ФОТО: РГАКФД\РОСИНФОРМ Товарищ Суслов был двумя руками за назначение товарища Рябова секретарем ЦК, а сообщил ему приятную новость лично товарищ Брежнев |
— А у вас не было сомнений?
— Так получилось, что несколько моих друзей учились вместе с Ельциным. Я решил спросить их мнение о нем. Они говорили, что он властолюбив, амбициозен, что ради карьеры готов переступить даже через родную мать. "А если ему дать задание?" — спрашиваю. Они говорят: "Любое задание начальства он разобьется в лепешку, но выполнит". Я прямо сказал друзьям, что именно такой человек мне и нужен — он же строительство курировать будет, а не идеологию. Но Борису при встрече я эти претензии высказал. Он сразу вскинулся: "Кто вам сказал?!" Я ему объяснял, что это неправильный подход: "Тебе нужно думать, как искоренить недостатки, а не то, кто о них сказал". Но он потом все равно вычислил этих людей и не давал им хода.
— И как у него складывалась работа в обкоме?
— Отношения с окружающими у него были неважные. Он ведь грубый, резко разговаривал даже с секретарями обкома. Поэтому семь лет заведующим отделом и просидел. За это время избрали двух новых секретарей, а его назначением обошли. Вот тут он и задумался. Стал на глазах меняться, начал искать подход к людям, тому чем-то помог, с этим подружился. Так что когда у нас перевели в Грузию второго секретаря, а я уже был первым, все дружно начали мне говорить, что вторым надо рекомендовать Ельцина. Но я и здесь поступил по-своему — предложил все строительные дела, лесное хозяйство и соцкультбыт передать в ведение одного секретаря обкома и избрать на эту должность Бориса. Считал, что вторым ему быть рановато.
— И все же, уезжая в Москву, вы рекомендовали на свое место именно его.
— Я считал, что он достаточно изменился. А его волевые качества были нужны области.

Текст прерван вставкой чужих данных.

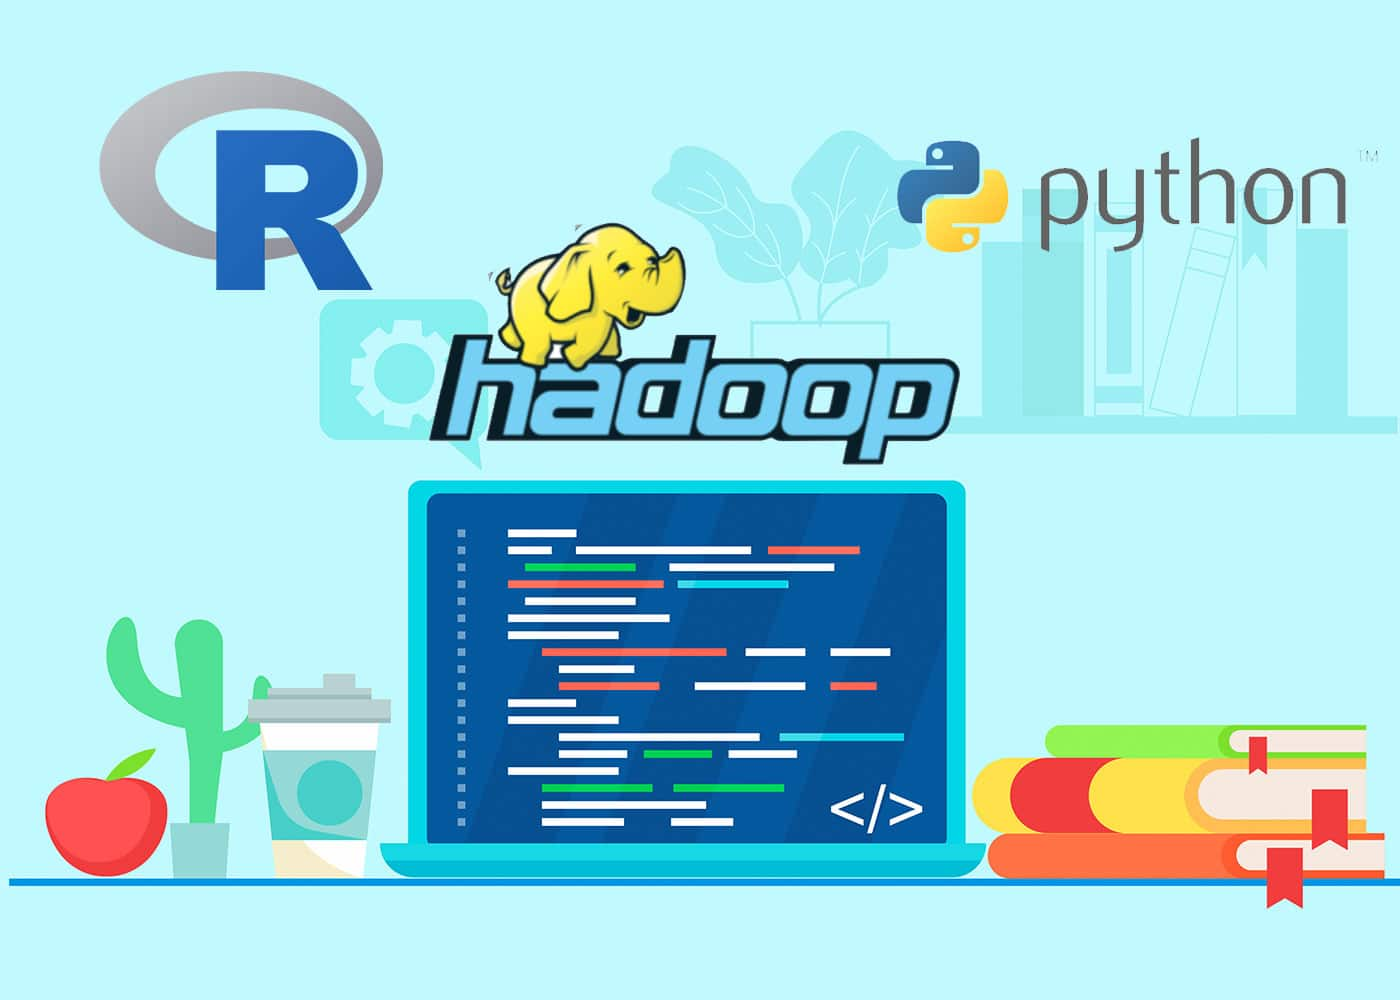 R Programming, Hadoop, Python

Брежнев тоже удивился: "Почему он? Не член ЦК, не депутат, даже не второй секретарь". Но я сказал, что он справится.
"Да на хрен он нужен со всеми его перекрутками!"

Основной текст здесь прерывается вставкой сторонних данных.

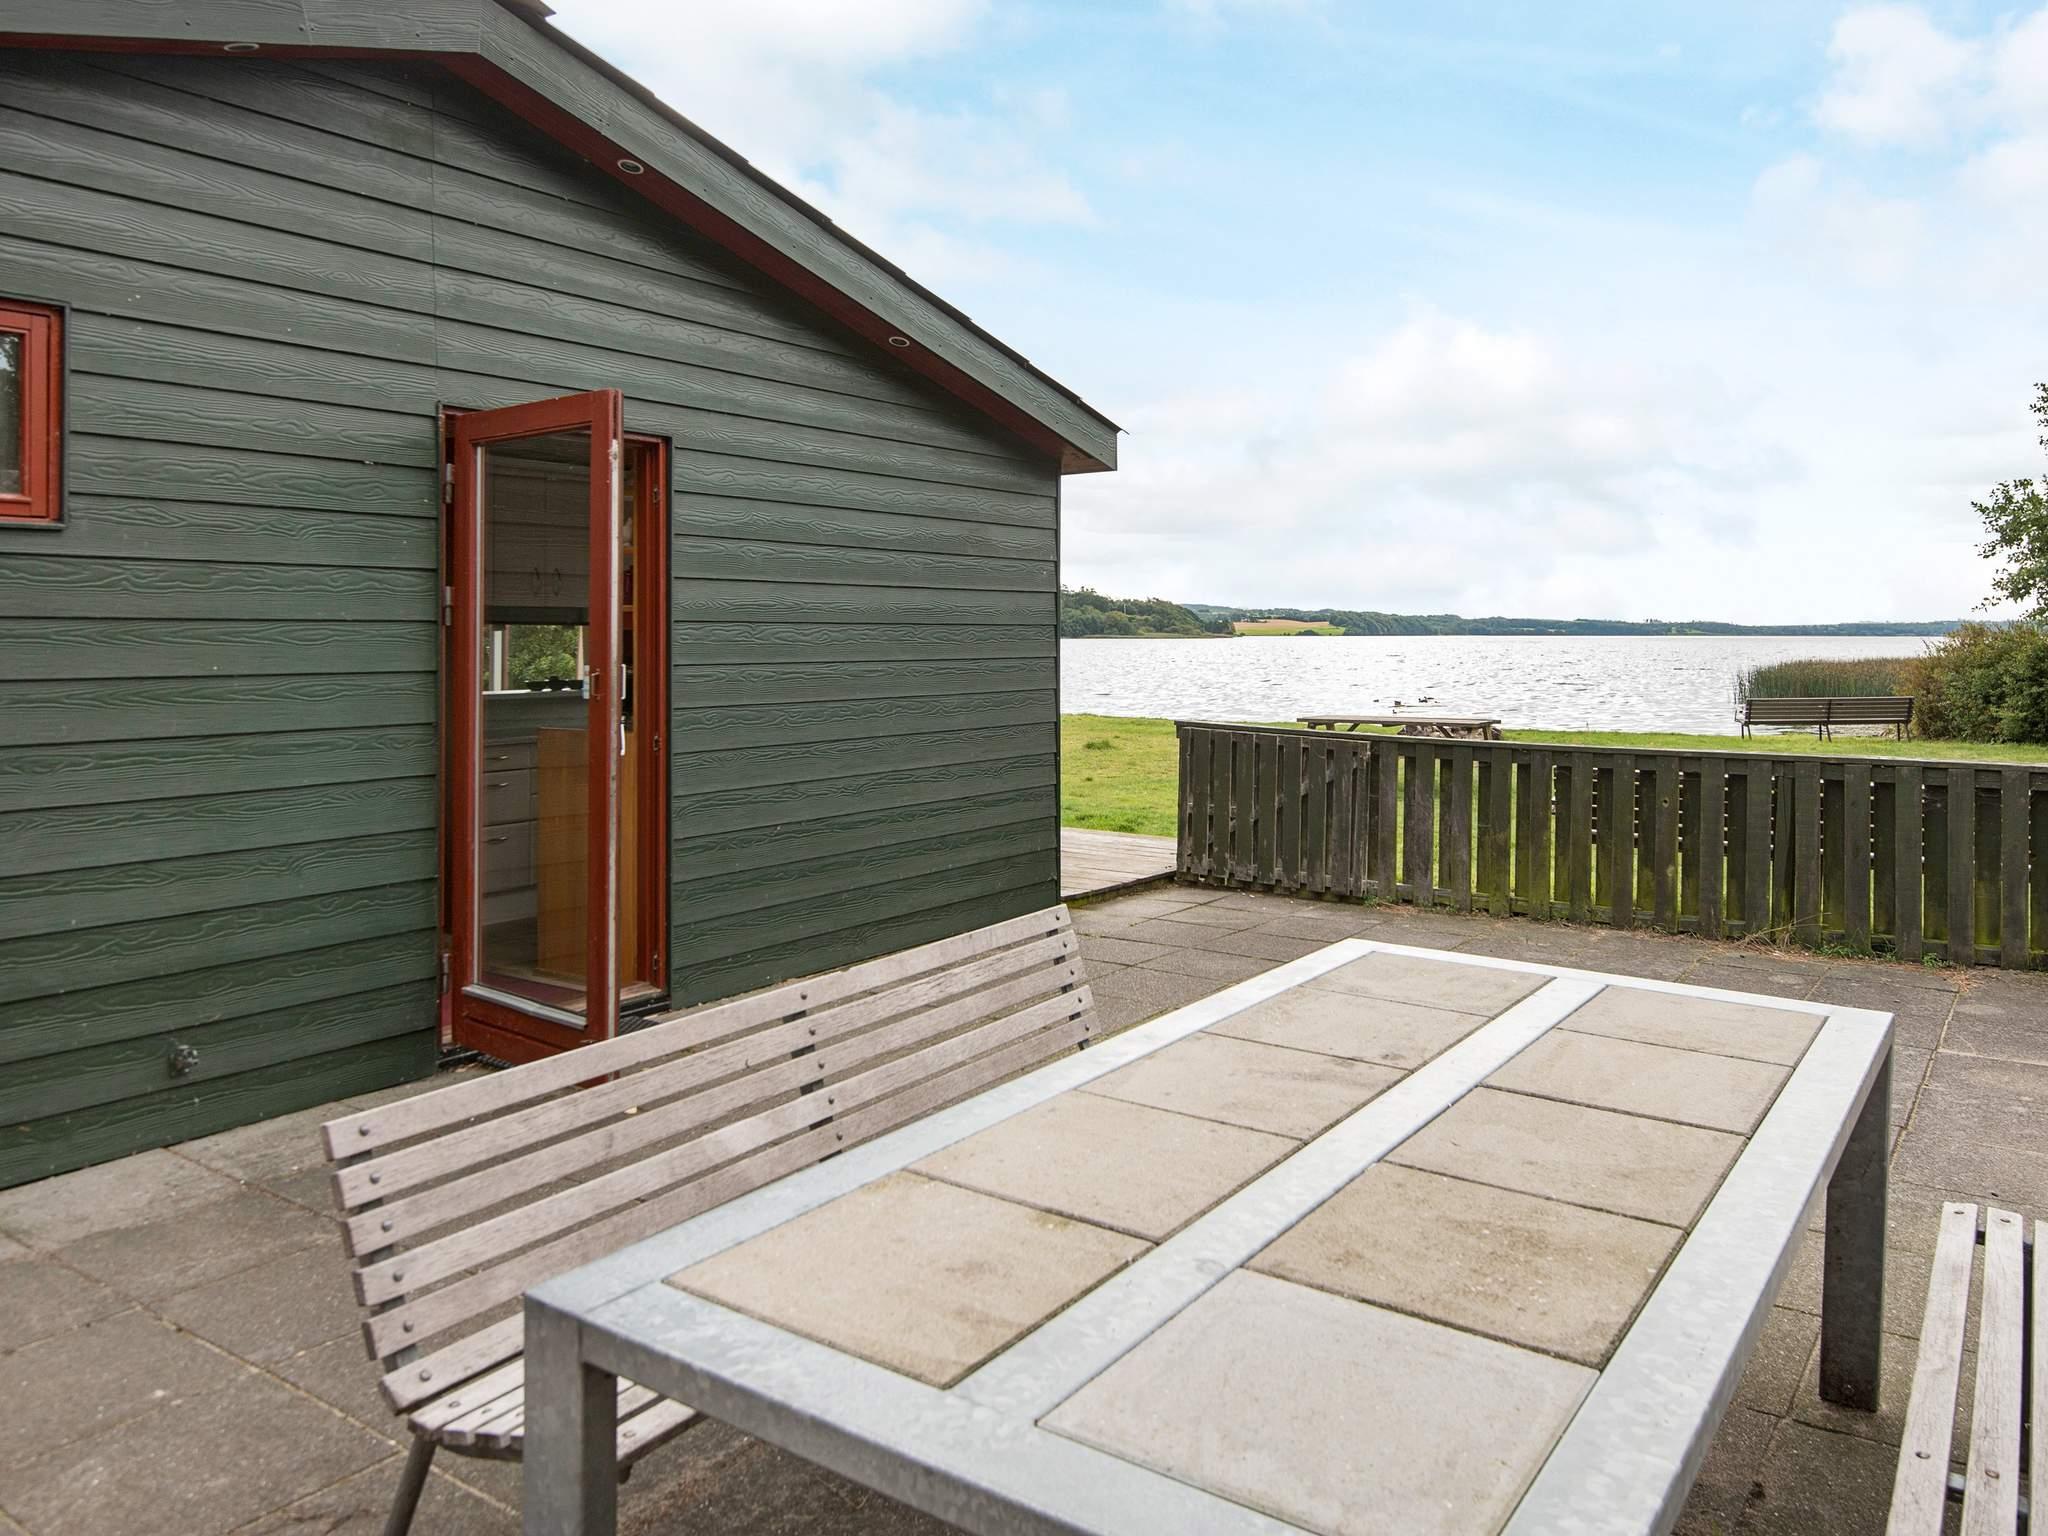 Ferienhaus Mossø (84515), Skanderborg, , Dänische Ostsee, Dänemark, Bild 26

ФОТО: РГАКФД\РОСИНФОРМ Когда стали подбирать натуру для съемок немецкого фильма, в Политбюро решили, что на фоне других секретарей обкома (справа — товарищ Городовиков, секретарь Калмыцкого обкома) товарищ Рябов (слева) смотрится выигрышно |
— Андрей Павлович уехал от нас, когда я был секретарем райкома, и все дальнейшие перемещения происходили уже без него.
— Но вы же не станете уверять, что он не вмешивался в кадровые дела своих выдвиженцев?
— Кириленко агитировал меня пойти в Министерство энергетического машиностроения. Говорит: "Я посоветоваться, только посоветоваться. Создается новое министерство. Не хотели ли бы вы его возглавить?" Я отказался. Там ведь было всего 26 заводов, а в области у меня — тысячи. Не мой уровень, не полезу на эти 26 заводов... Я член ЦК, депутат Верховного совета, что мне еще надо? А на пост секретаря ЦК меня выдвинул не он, а Суслов.
— Вы ведь не входили в число идеологов. При чем же тут Суслов?
— В 1975 году вдруг мне позвонил секретарь ЦК Капитонов и говорит, что обратились западные немцы, чтобы показать по своему телевидению фильм о работе секретаря обкома, и на Политбюро решили разрешить им снимать меня. Но я это дело отбил. Звонит Кириленко. Я снова отбил. Через день звонит Суслов: "Вы почему, товарищ Рябов, не выполняете распоряжения Политбюро ЦК КПСС? Леонид Ильич это мероприятие поддерживает". Деваться стало некуда. С немцами приехал Генрих Боровик, и мотали они меня два месяца. Фильм показали по немецкому телевидению и для делегатов XXV съезда. А тут умер министр обороны маршал Гречко.
— А что там все-таки случилось? Есть совершенно различные версии.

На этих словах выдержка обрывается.